=== Assignment ===
The entire listing below is to be written out exactly, minus the pictures.

=== Supplied data ===
──────
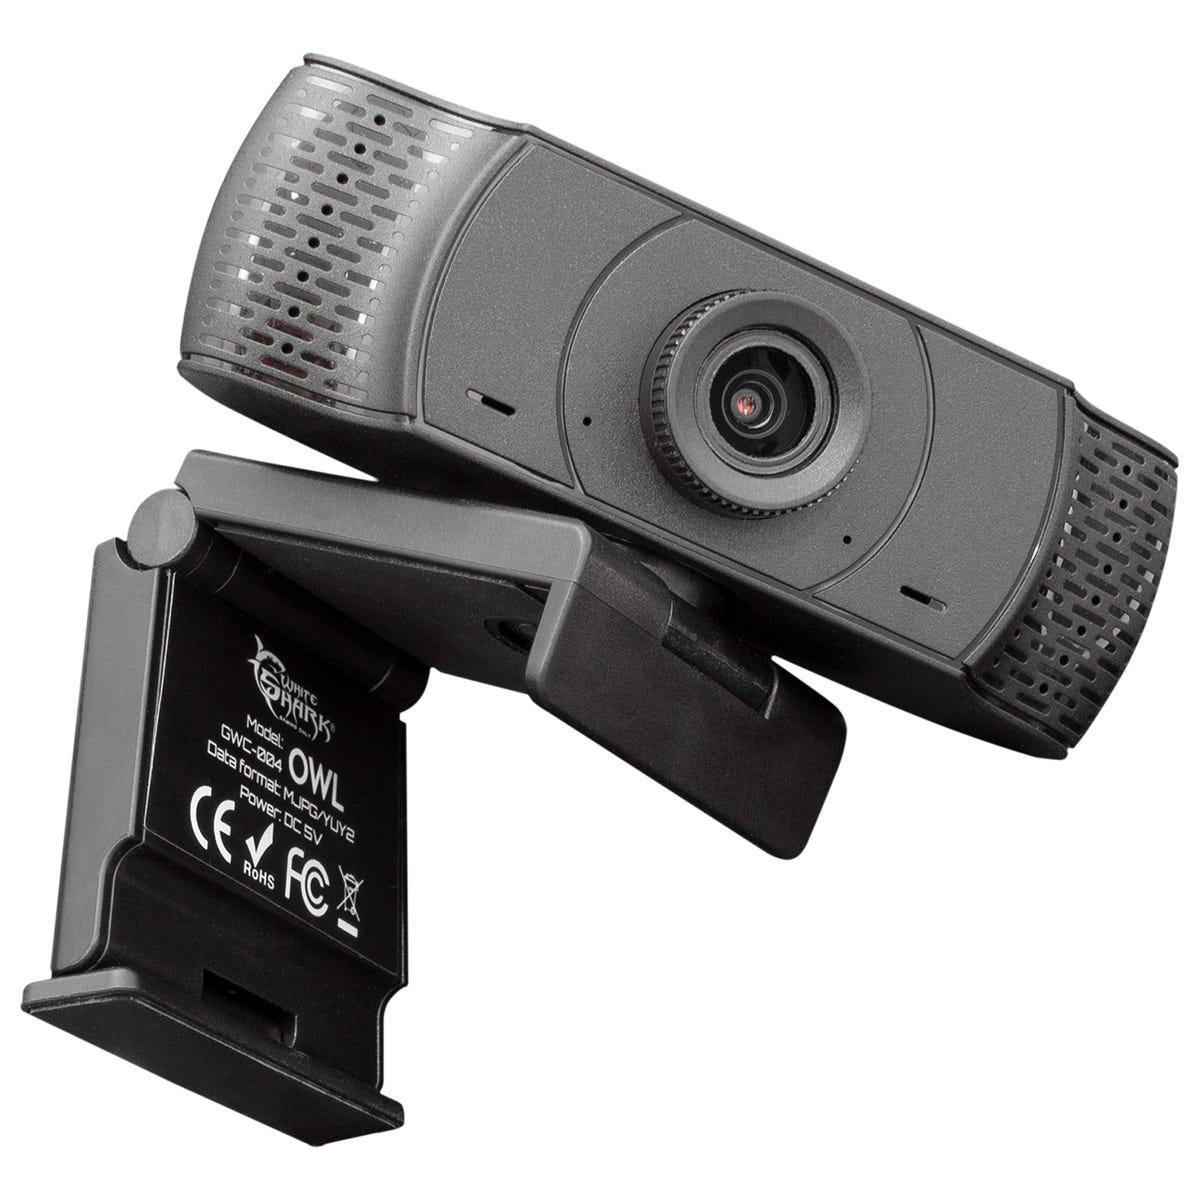 White Shark Owl GWC-004 1080P Webcam - Black
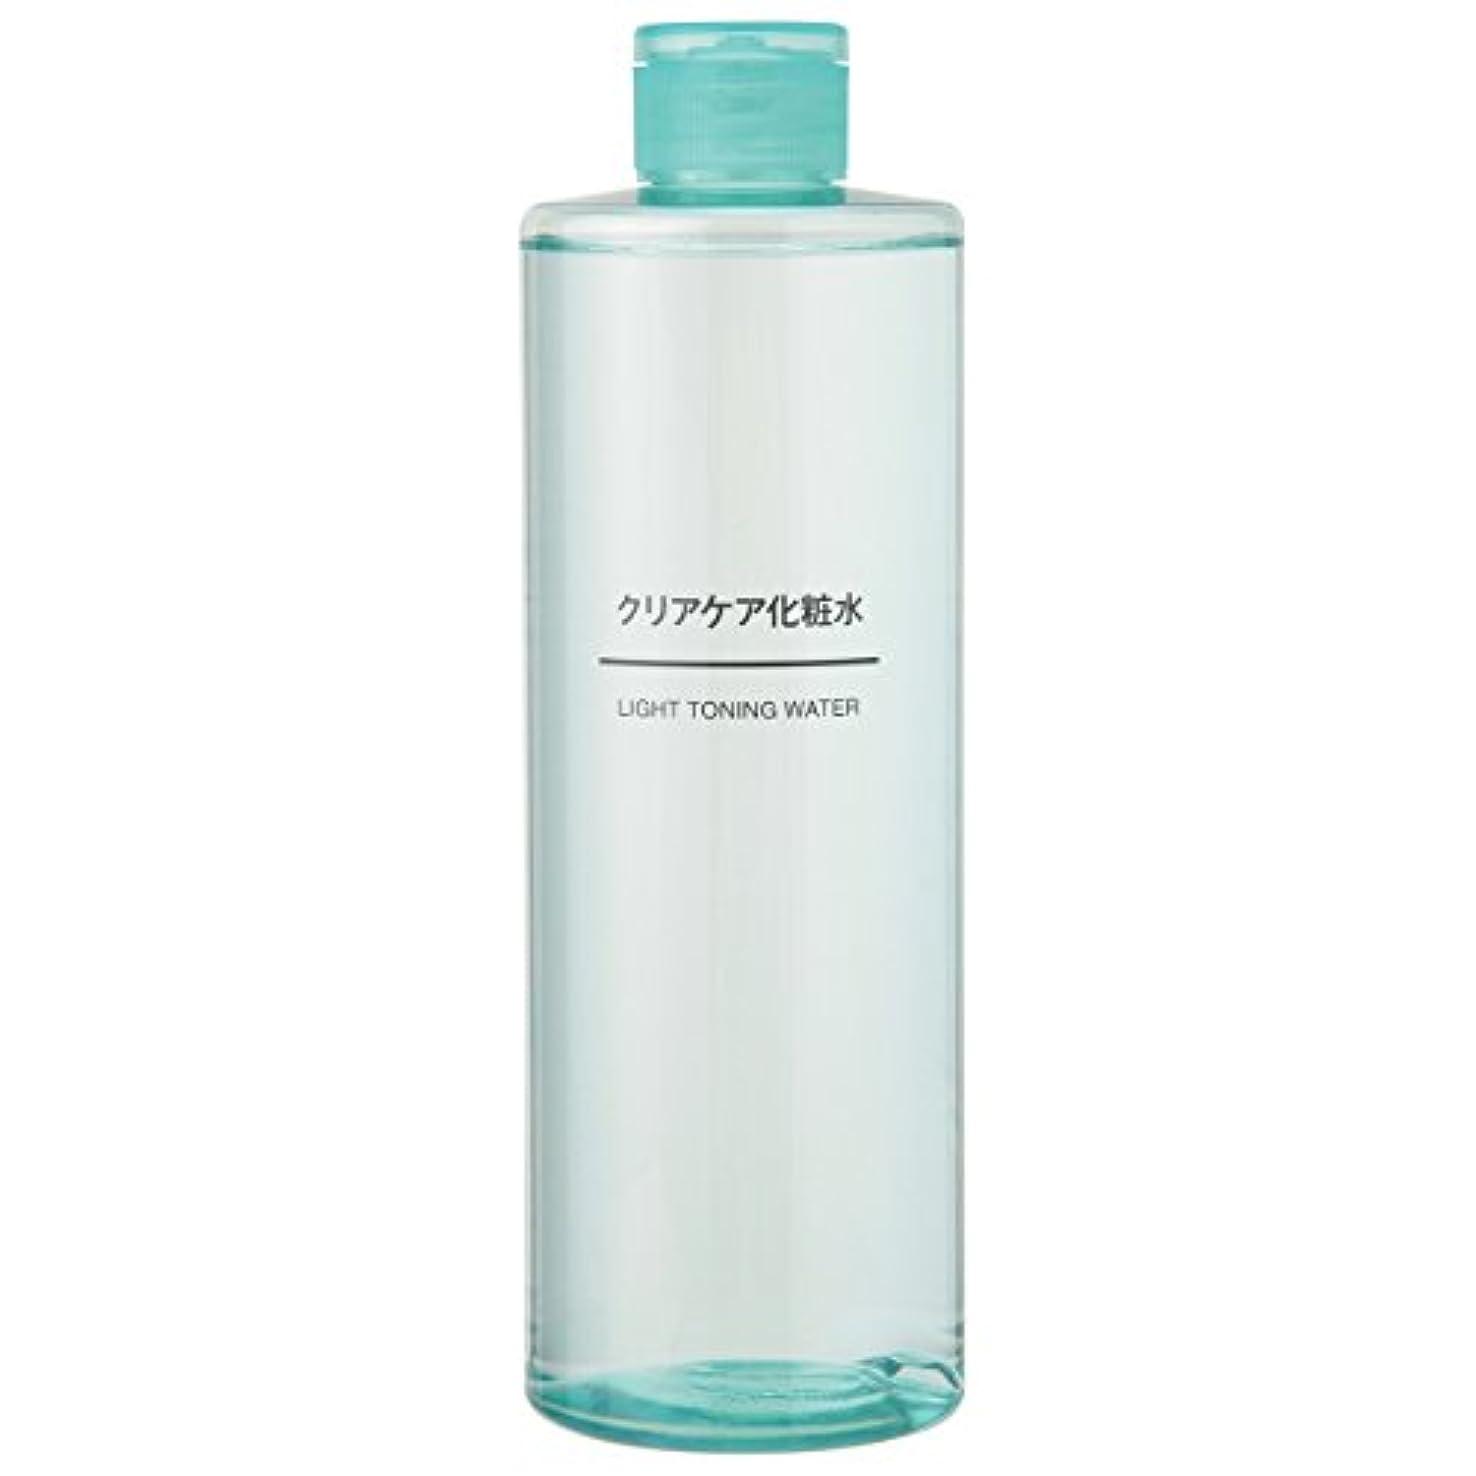 スラムデザイナー汚物無印良品 クリアケア化粧水(大容量) 400ml
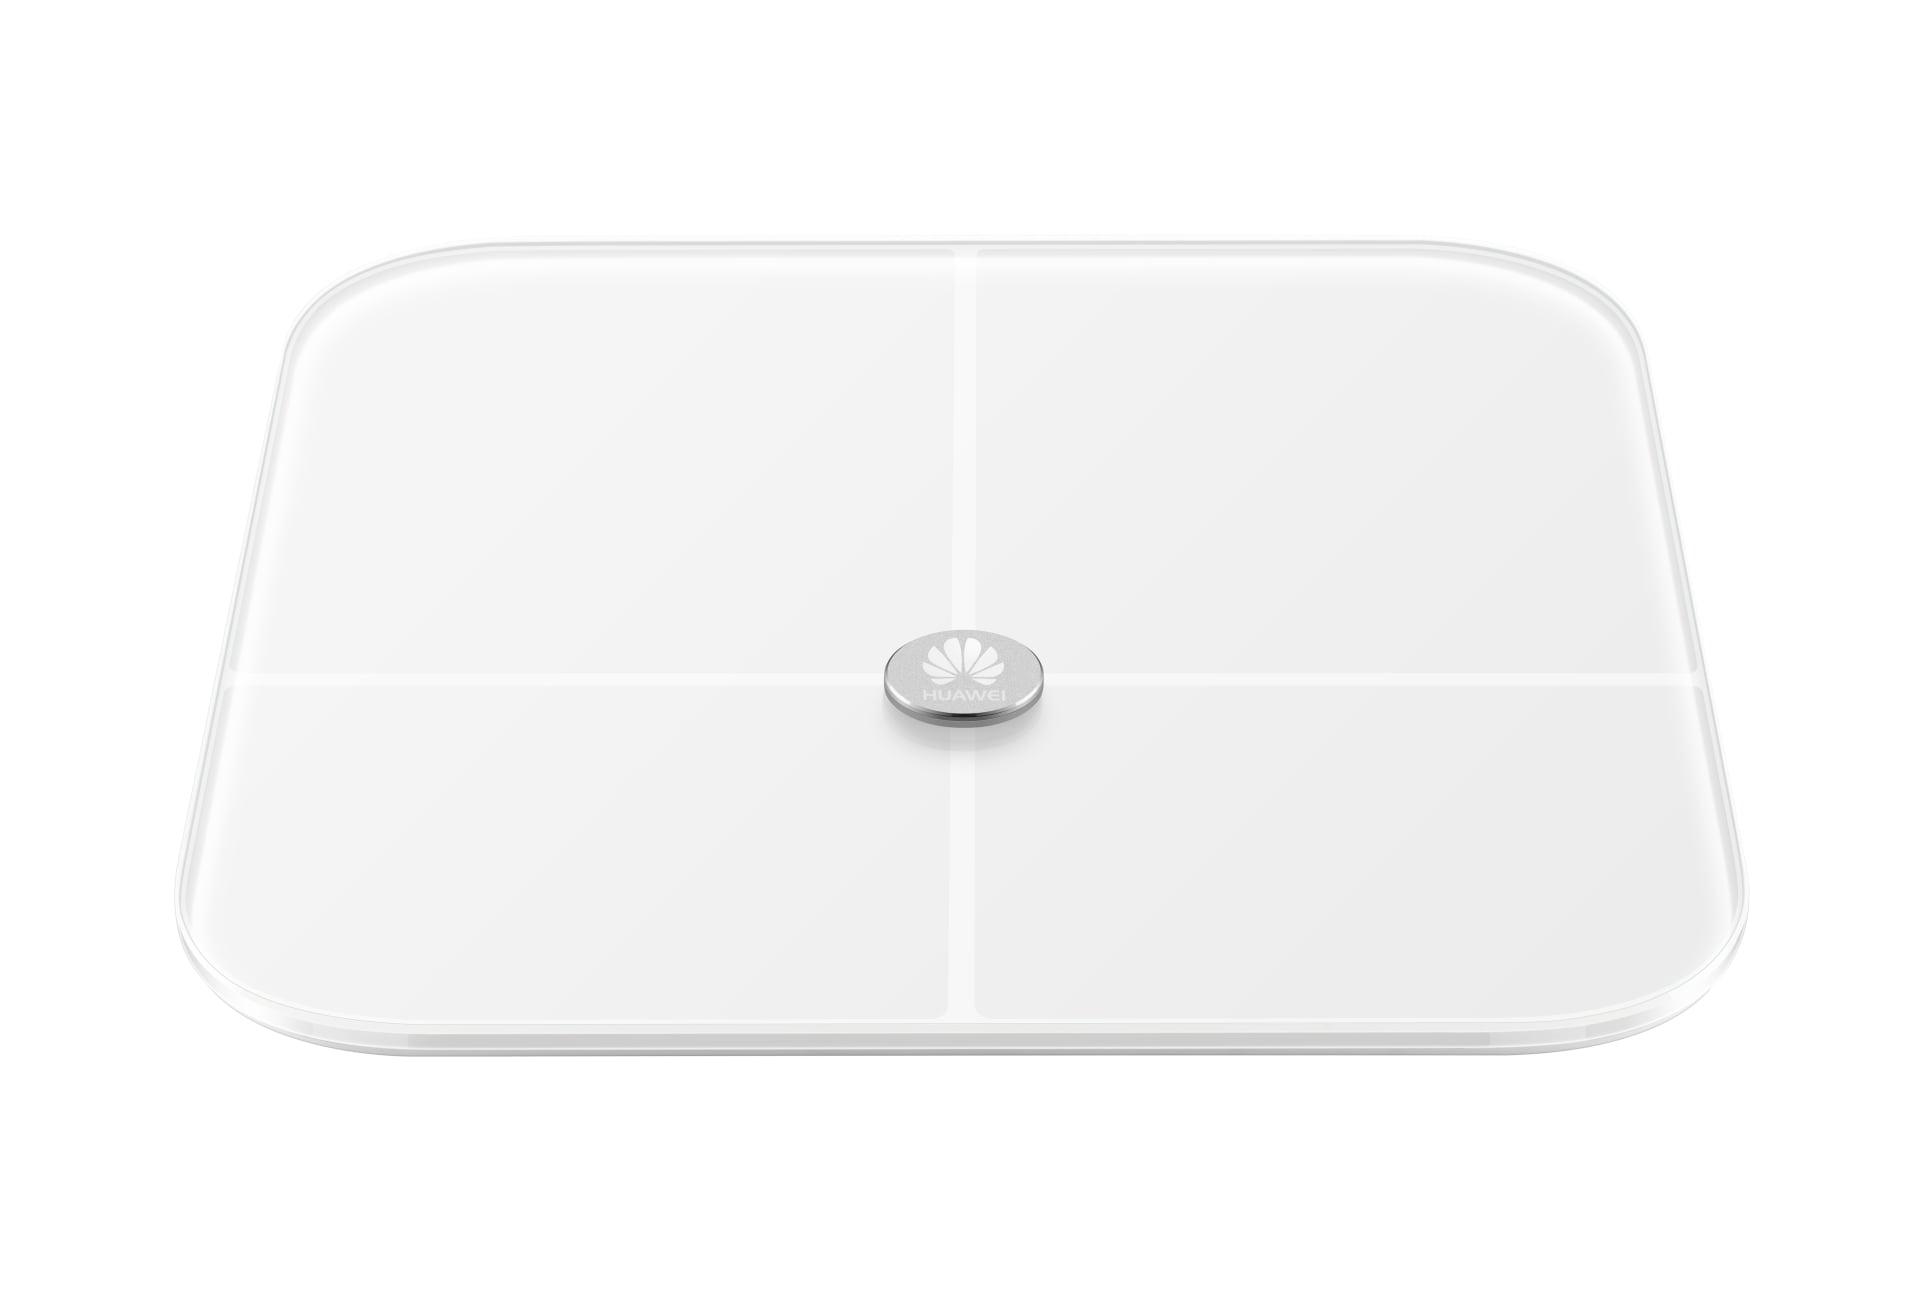 Huawei-Body-Fat-Scale-AH100-inteligentna-waga-fot.-Huawei-2.jpg
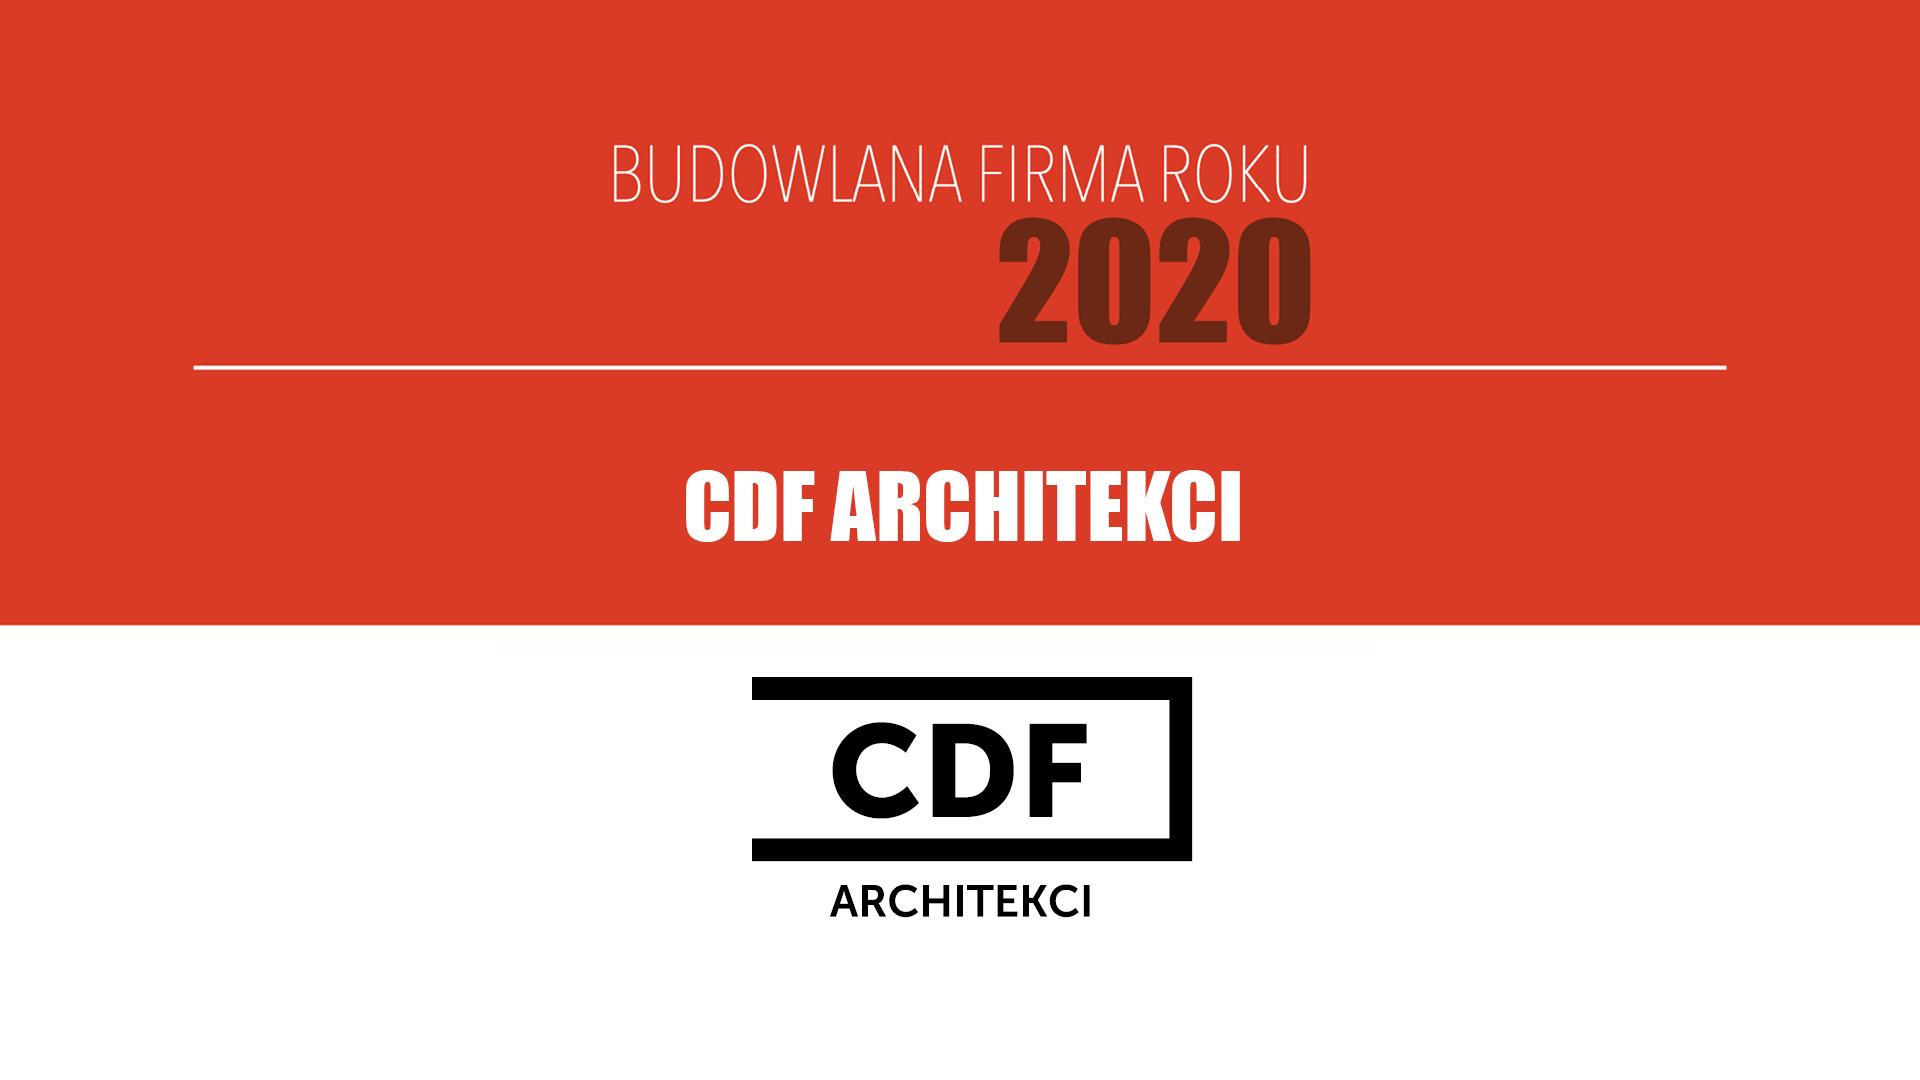 CDF ARCHITEKCI – Budowlana Firma Roku 2020
──────
=== Response ===
 White Shark Owl GWC-004 1080P Webcam - Black
 スラムデザイナー汚物無印良品 クリアケア化粧水(大容量) 400ml
 Huawei-Body-Fat-Scale-AH100-inteligentna-waga-fot.-Huawei-2.jpg
 CDF ARCHITEKCI – Budowlana Firma Roku 2020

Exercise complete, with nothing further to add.